Sort 2, 000 to 4, 000 cells from the population of interest into 5 microliters of cold FACS buffer in a microcentrifuge tube on ice. Then transfer 1 microliter of the sorted cells into a new FACS tube with 100 microliters of FACS sorting buffer and a 1 to 1, 000 dilution of live/dead stain. And run the cell sample using the sorting gates to assess the post sort viability.
Next, load 1 microliter of cells diluted in 9 microliters of FACS buffer onto a hemocytometer to determine the cell concentration and average diameter. Now select an integrated microfluidic circuit, or IFC chip, of the appropriate size for the average cell diameter of the sample, and prime the fluidics according to the manufacturer's instructions. Load the cells onto the plate according to the manufacturer's instructions, and load the plate into a compatible fluidic machine.
Then run an appropriate cell loading script for the IFC chip to push the cells into the capture lanes. To confirm that the cells are lodged in the capture sites, mount the plate on a microscope equipped with a plate adapter and obtain brightfield and fluorescence images of each capture site at a 10x magnification. The cells can then be processed for downstream assessment of their target gene expression by QRT-PCR.
At the 18-somite stage, fluorescence microscopy can be used to verify the ZsYellow expression of the embryos. After sorting, cells with a range of diameters are obtained. The IFC plate can be used to capture cells with a diameter of interest.
For example, in this experiment, cells five to 10 micrometers in diameter. As expected, the sorted and captured cells from 18-hour post-fertilization embryos expressed the ZsYellow fluorescent marker. Here, QRT-PCR was used to assess the relative gene expression of specific genes of interest in 40 single cells from cell capture sites on an IFC plate.
Since the range of cycle threshold values for the housekeeping gene was too broad for comparing gene expression between samples and many cycle threshold values exceeded 30, The values were visualized as a heat map. Comparing across samples, a substantial heterogeneity in gene expression was observed in this experiment. With cells classified as Types 1 through 5 based on their gene expression pattern.

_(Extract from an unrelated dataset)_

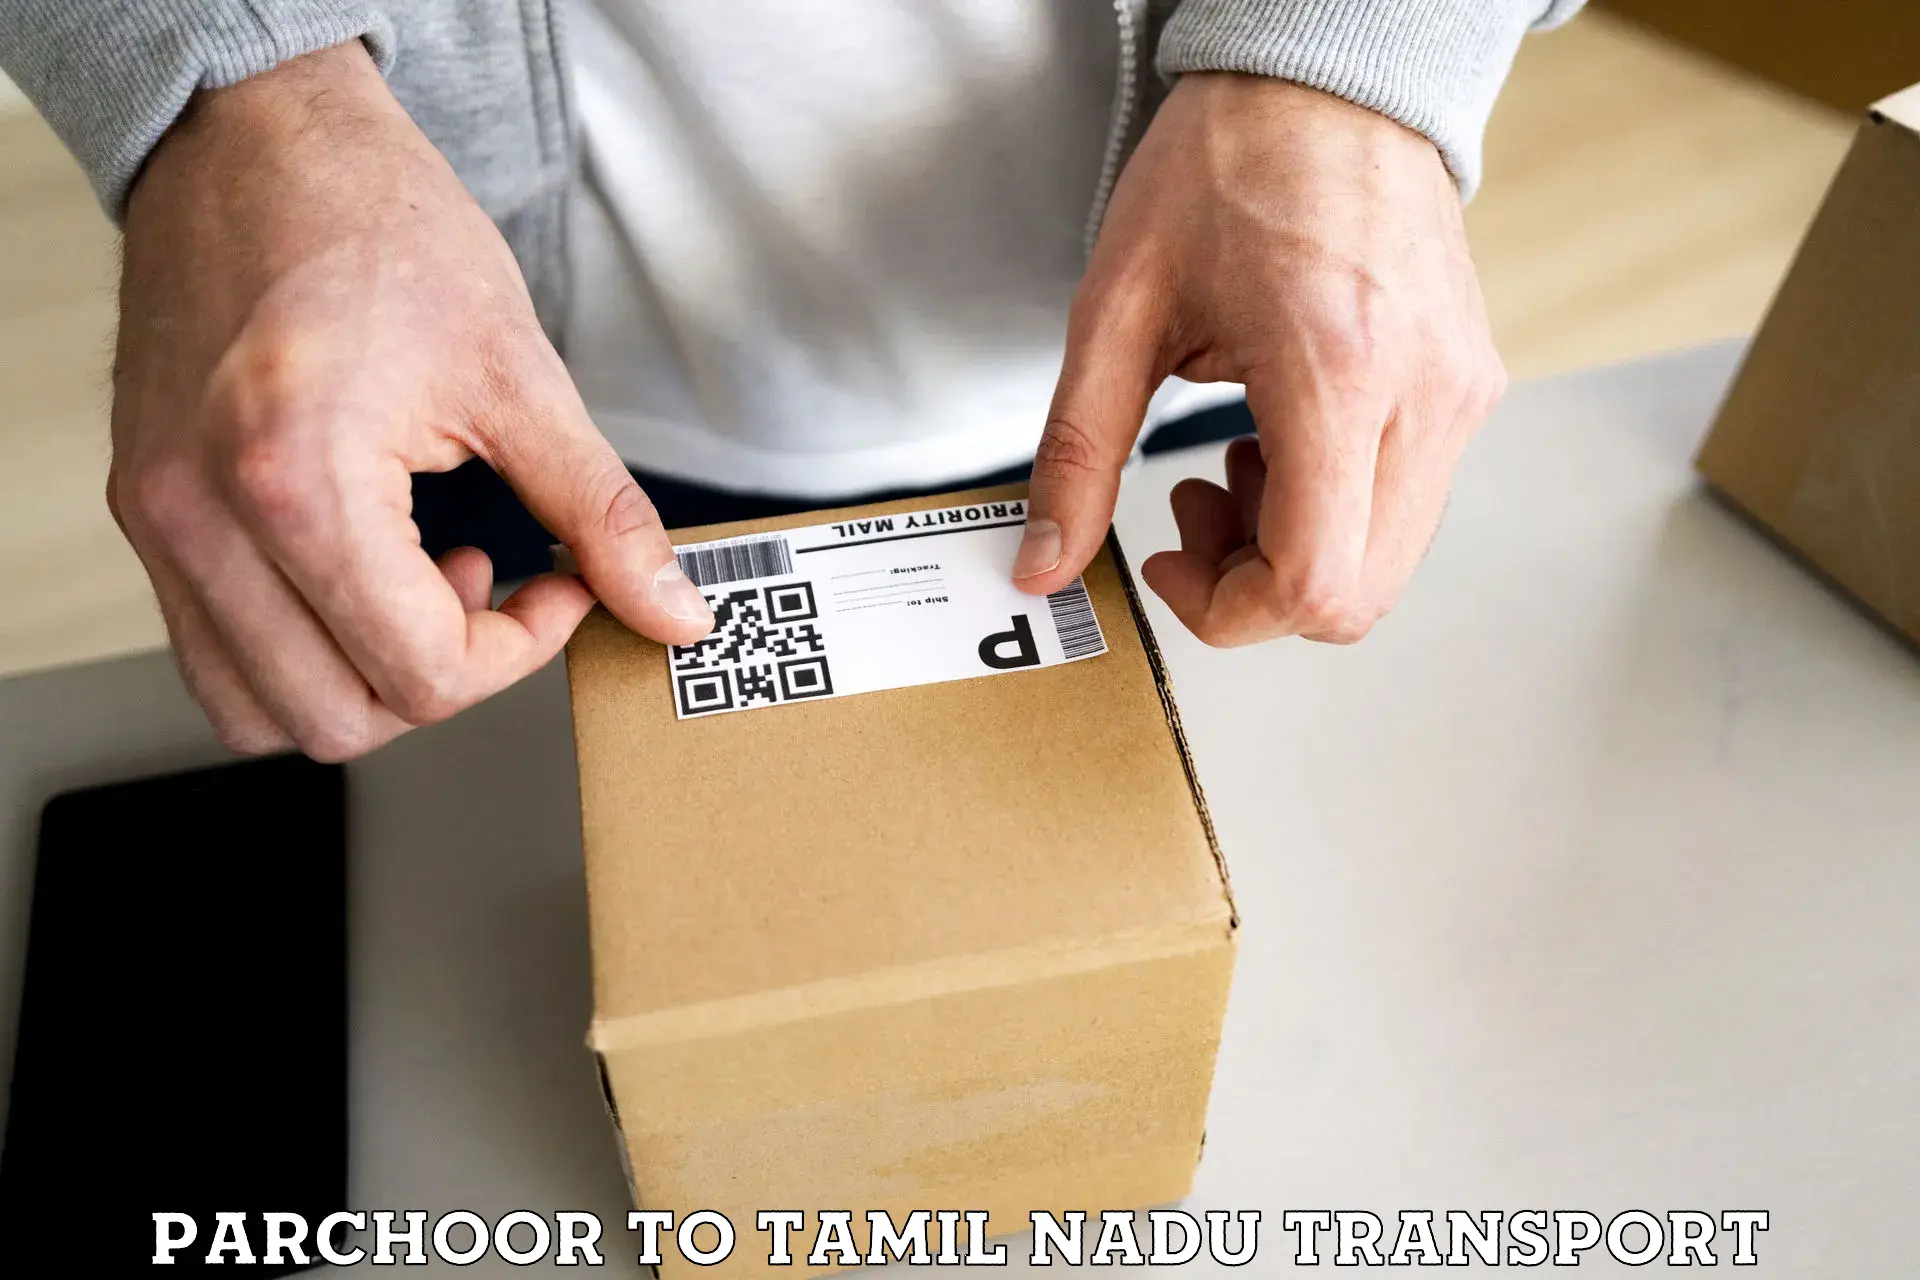 Transportation services Parchoor to Tamil Nadu Veterinary and Animal Sciences University Chennai

Once mastered, processing the whole embryo samples into single lysed cells on an integrated microfluidic chip can be completed in six hours if the steps are performed properly. While attempting this procedure, it's important to remember that only single cells are captured on the microfluidic chip. Following this procedure, other methods like high-throughput single cell sequencing can be performed to fully characterize the transcriptomes of single cells.

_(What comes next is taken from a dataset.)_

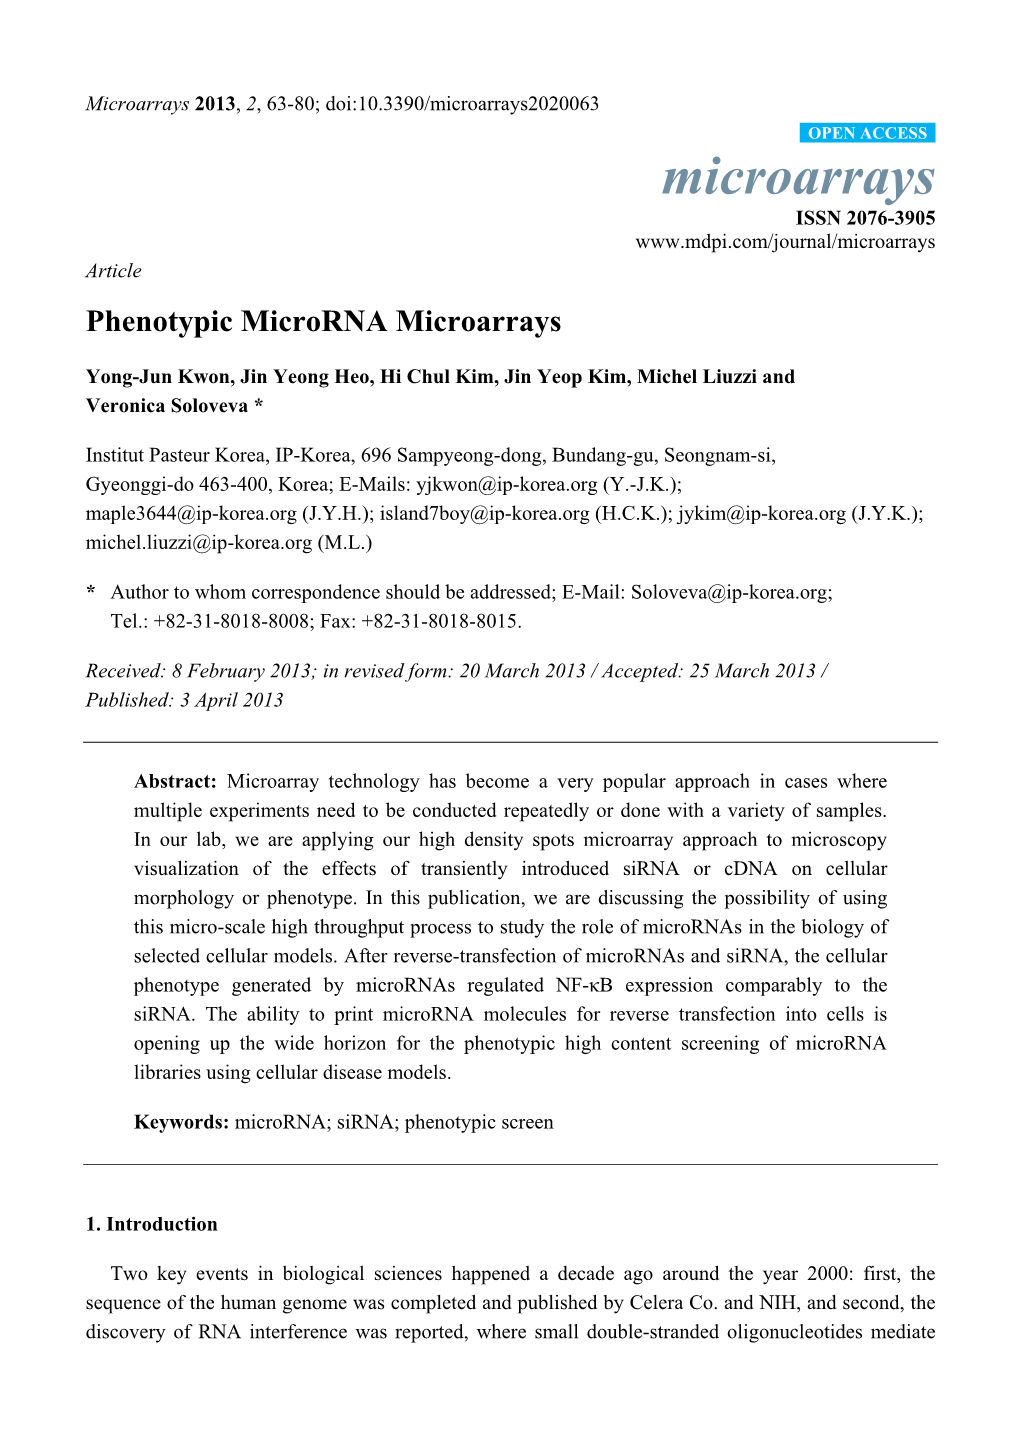 Phenotypic Microrna Microarrays

After its development, this technique paved the way for researchers in the field of developmental biology for exploring cellular heterogeneity in early developing embryos. After watching this video, you should have a good understanding of how to isolate single cells from zebrafish embryos, capture single cells in a microfluidic base single-cell multiplex system and assess the gene expression of individual cells.